Related Work & Insights¶
- Self-supervised learning: Model Genesis (image restoration), MAE/SimMIM (masked reconstruction), DINO (self-distillation), SimCLR/MoCo (contrastive learning) — these focus on general visual features and lack the spatial precision required for semantic segmentation.
- Supervised pretraining: SuPreM (25M annotated voxels), STU-Net (TotalSegmentator whole-body CT) — constrained by annotation scale and predefined category taxonomies.
- Synthetic data: AnatoMix (synthetic CT generated from TotalSegmentator masks) — distribution shift limits transfer performance.
- Universal segmentation and interactive models: UniverSeg, Iris (in-context learning but requiring annotations), SAM medical adaptations — still require annotations or manual interaction at inference time.

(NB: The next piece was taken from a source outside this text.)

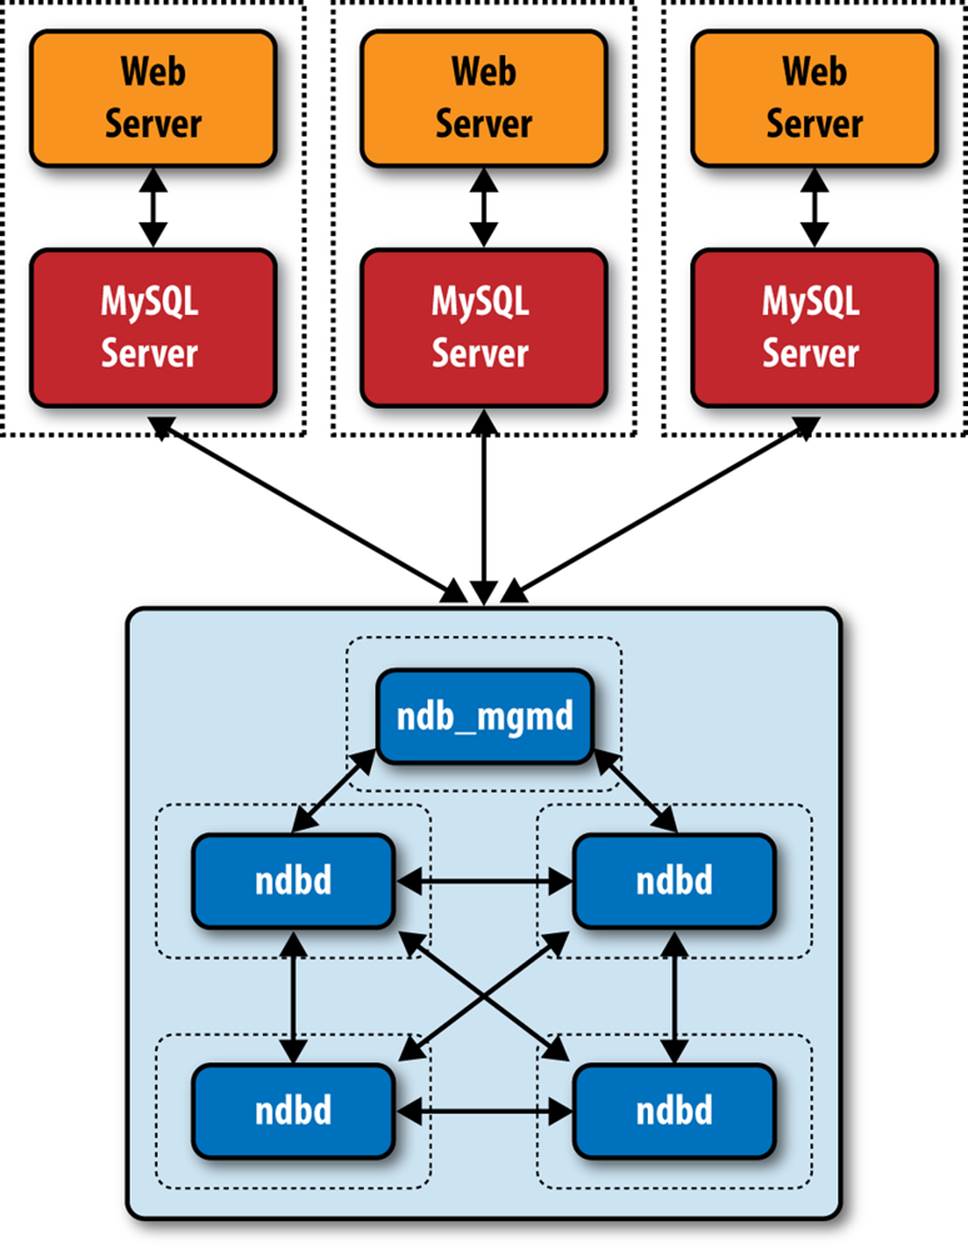 A highly available MySQL cluster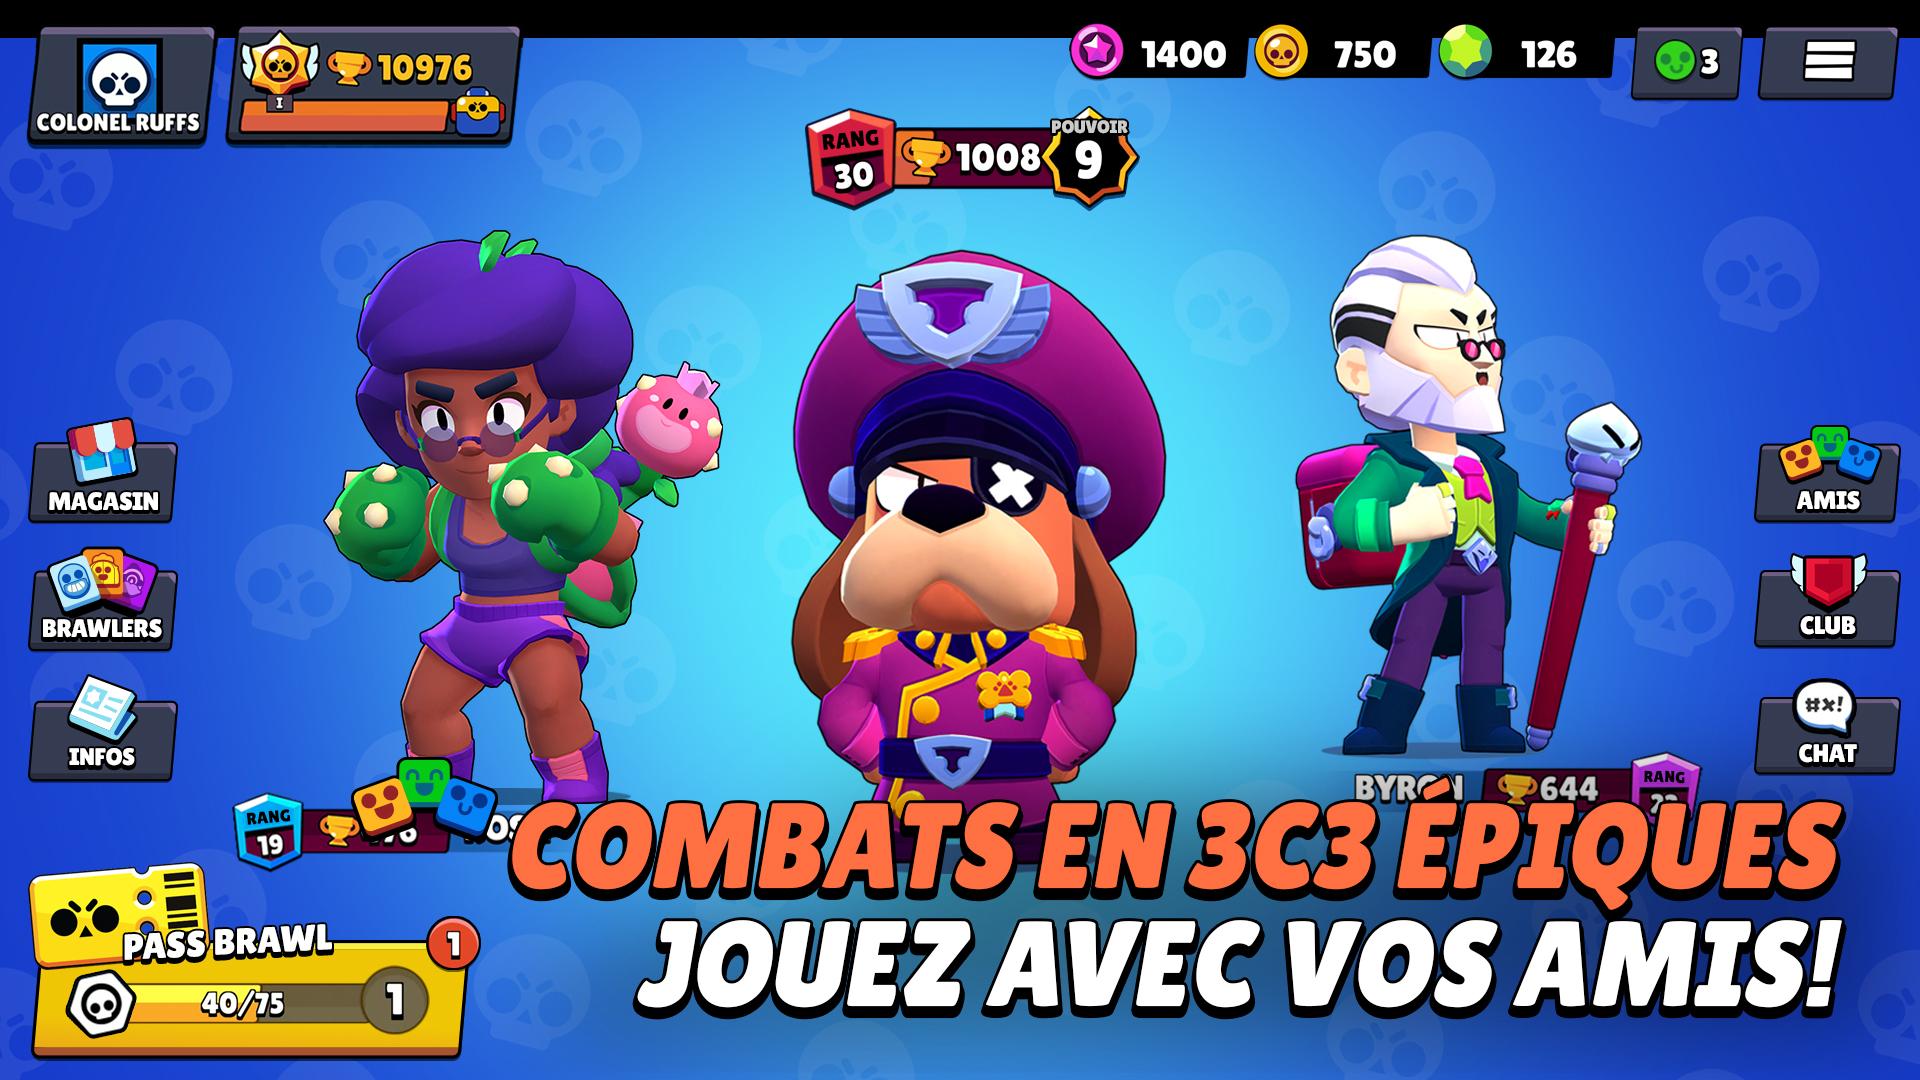 Brawl Stars Apk Download Pick Up Your Hero Characters In 3v3 Smash And Grab Mode Brock Shelly Jessie And Barley - brawl stars mise a jour brawleur

- MASS's distinction: The only self-supervised approach that jointly offers annotation-free pretraining, open-set masks, emergent semantics, and multi-modal compatibility.
Rating¶
- Novelty: ⭐⭐⭐⭐⭐ — First work to use category-agnostic automatic masks for self-supervised pretraining of medical images; the pretext task design is elegant and intuitively motivated.
- Experimental Thoroughness: ⭐⭐⭐⭐⭐ — Covers 4 modalities, 12+ datasets, segmentation and classification task tracks, scale experiments from 20 scans to 5K volumes, and multi-dimensional ablations.
- Writing Quality: ⭐⭐⭐⭐⭐ — The motivation–method–experiment logical chain is complete; the explanation of "invariance → emergent semantics" is elegant and compelling.
- Value: ⭐⭐⭐⭐⭐ — Provides a scalable, annotation-free pathway toward 3D medical image foundation models with strong practical utility.